On remand from the U.S. Supreme Court, Federal District Judge Benjamin Settle of the Western District of Washington ruled yesterday that the individuals who signed petitions to bring an effort to repeal the state's domestic partners law were not entitled to an exemption from the name disclosure mandated by the state's Public Records Act. Judge Settle granted summary judgment to the Secretary of State based on his finding that Protect Marriage Washington had provided no compelling evidence of threats or harassment against petition signers: 

[If Protect Marriage could get around the Public Records Act] by simply providing a few isolated incidents of profane or indecent statements, gestures, or other examples of uncomfortable conversations, … disclosure would become the exception instead of the rule.

Judge Settle distinguished the case from earlier decisions granting protections to civil rights organizations that challenged laws requiring disclosure of membership lists:

Doe has not supplied competent evidence or adequate authority to support its claims that R-71 signers constitute a fringe organization with unpopular or unorthodox beliefs or one that is seeking to further ideas that have been historically and pervasively rejected and vilified by both this country’s government and its citizens.

The case was on remand from the Supreme Court's decision in Doe v.

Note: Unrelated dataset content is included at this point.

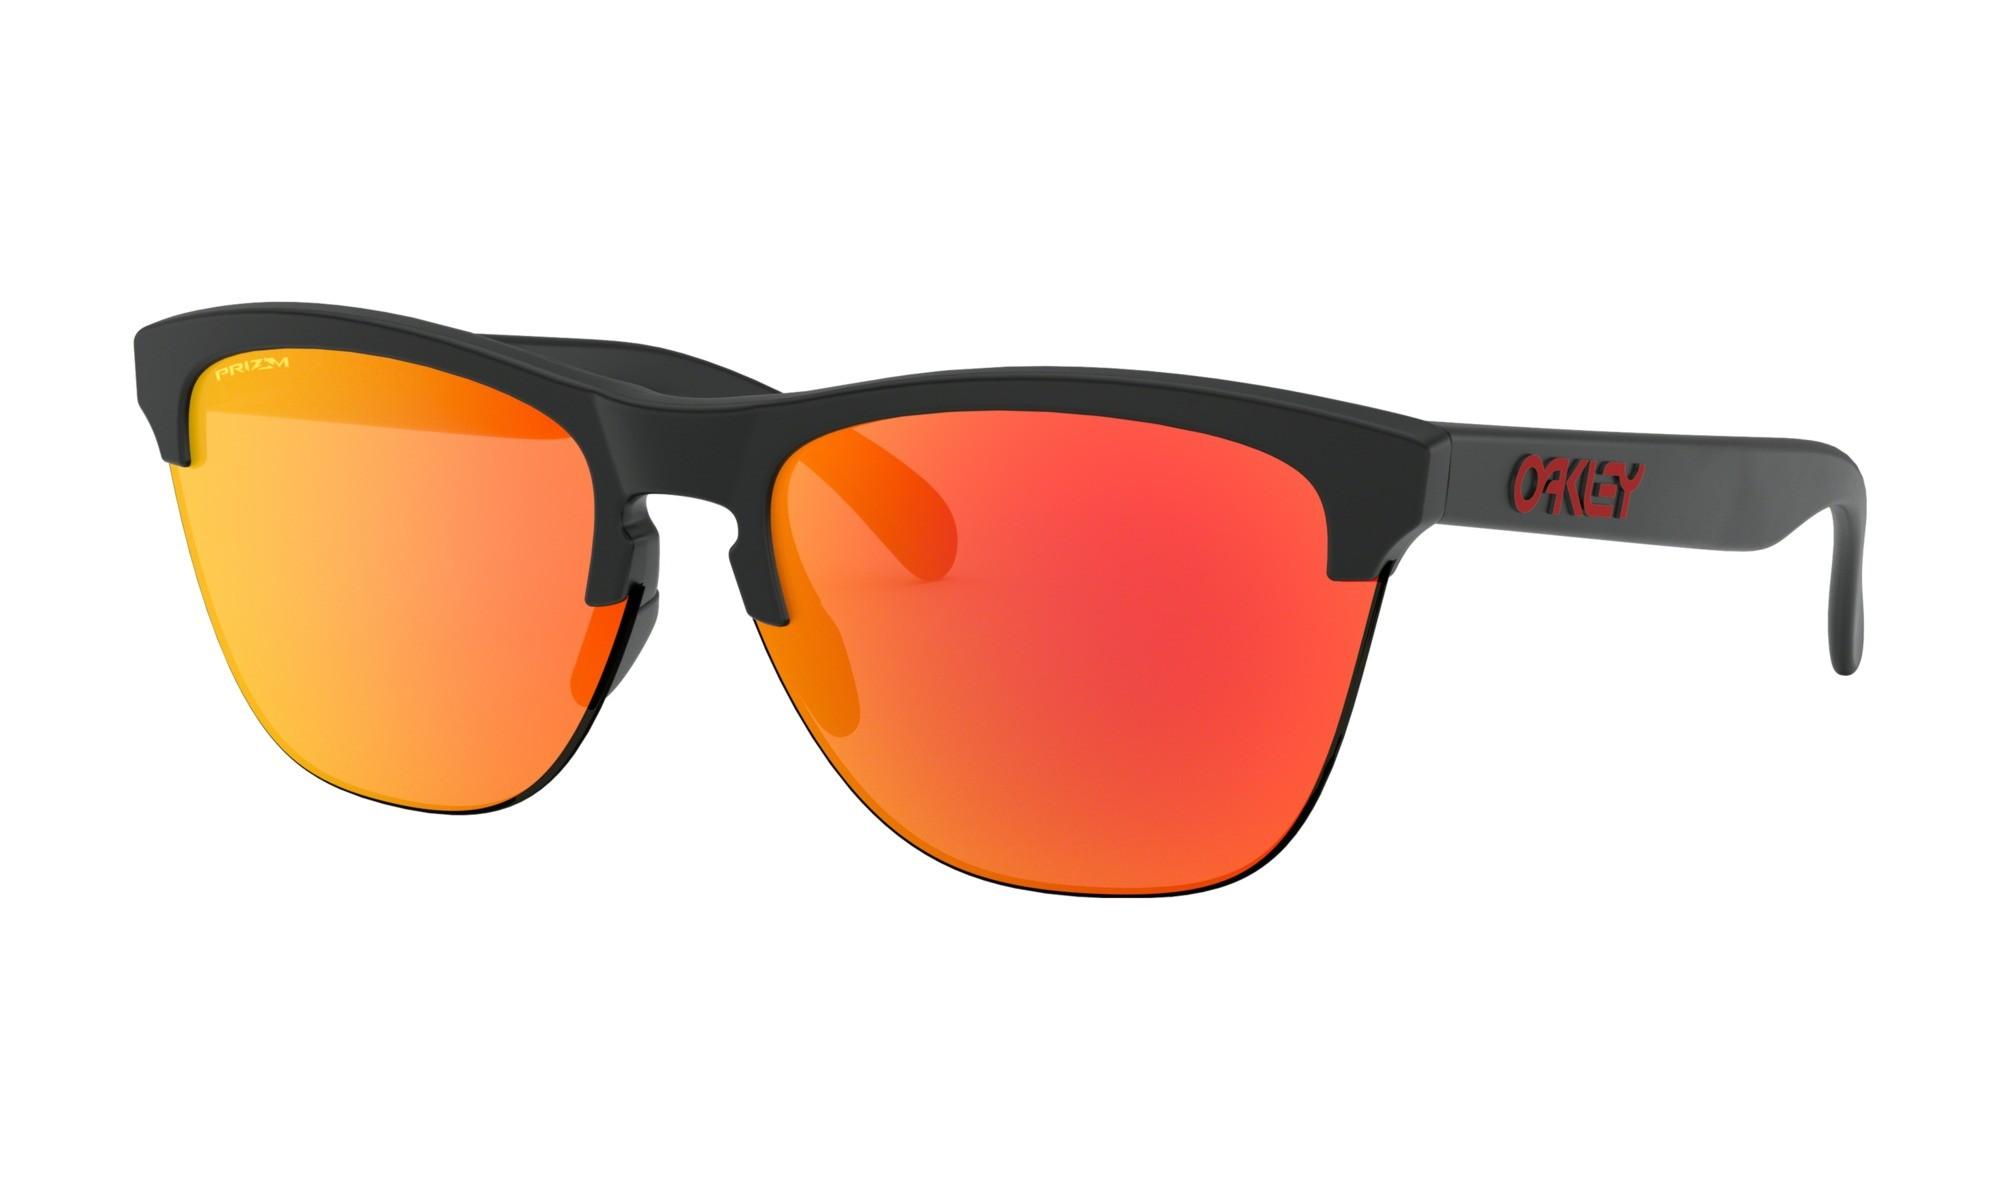 ad8d3454f3 Oakley Frogskins Lite Matte Black Prizm Ruby Sunglasses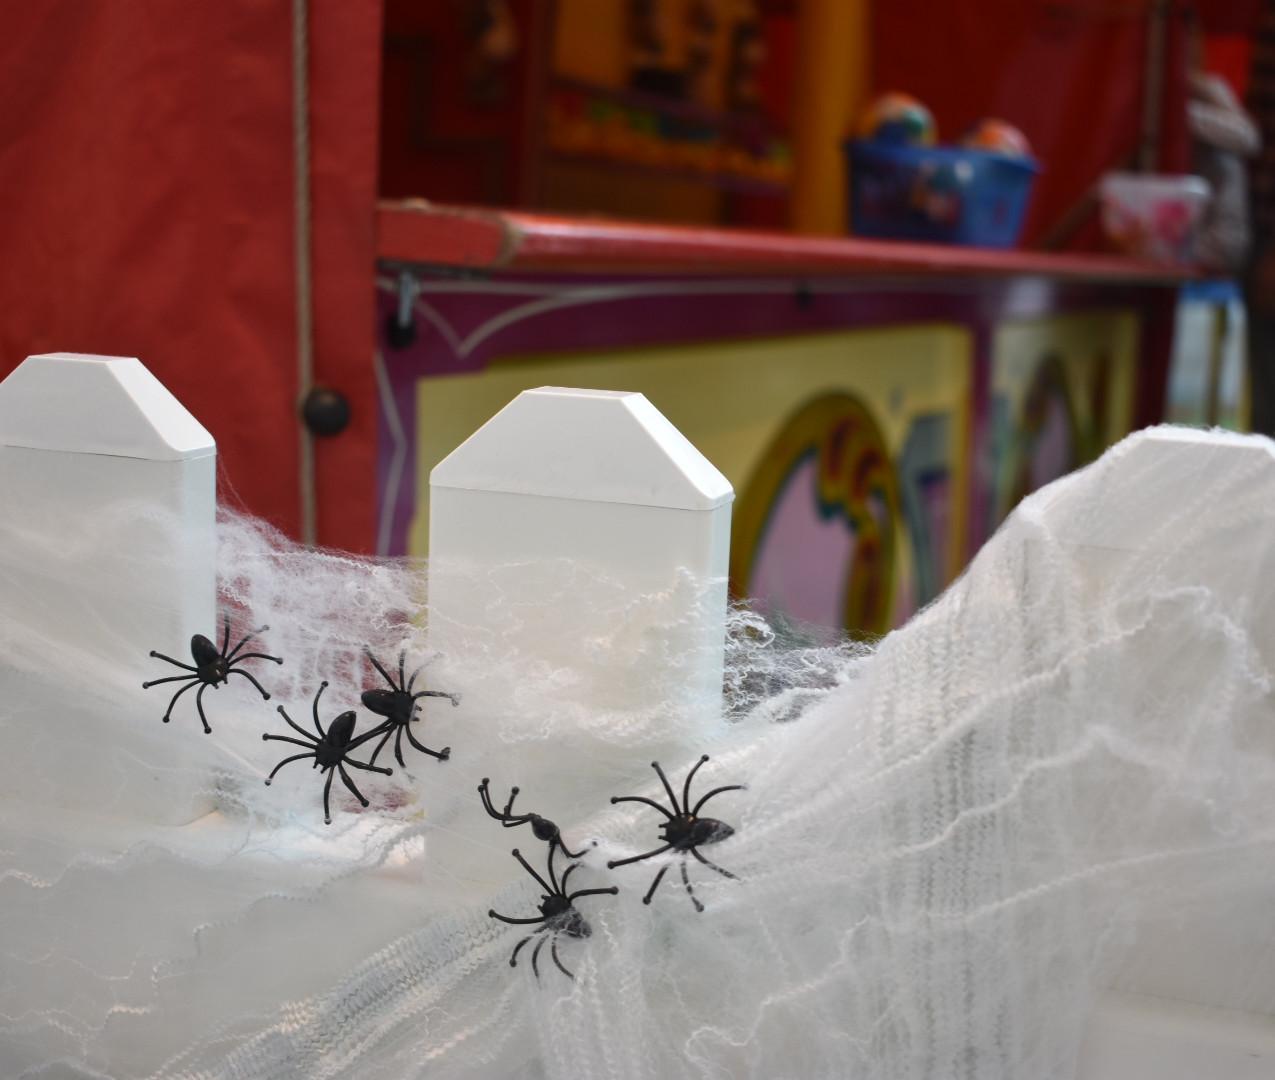 HalloweenFunfair

Reed, 130 S.Ct. 2811 (2010), in which it ruled that the Washington state law requiring name disclosure was not facially unconstitutional as a violation of privacy rights. The Supreme Court sent the case back to District Court for a decision on whether this particular group of petition signers could demonstrate the need for an exemption from the law.

Protect Marriage Washington may appeal the new ruling as well, although numerous individuals were named in Judge Settle's opinion and the full list was made available to the public yesterday after the decision was announced.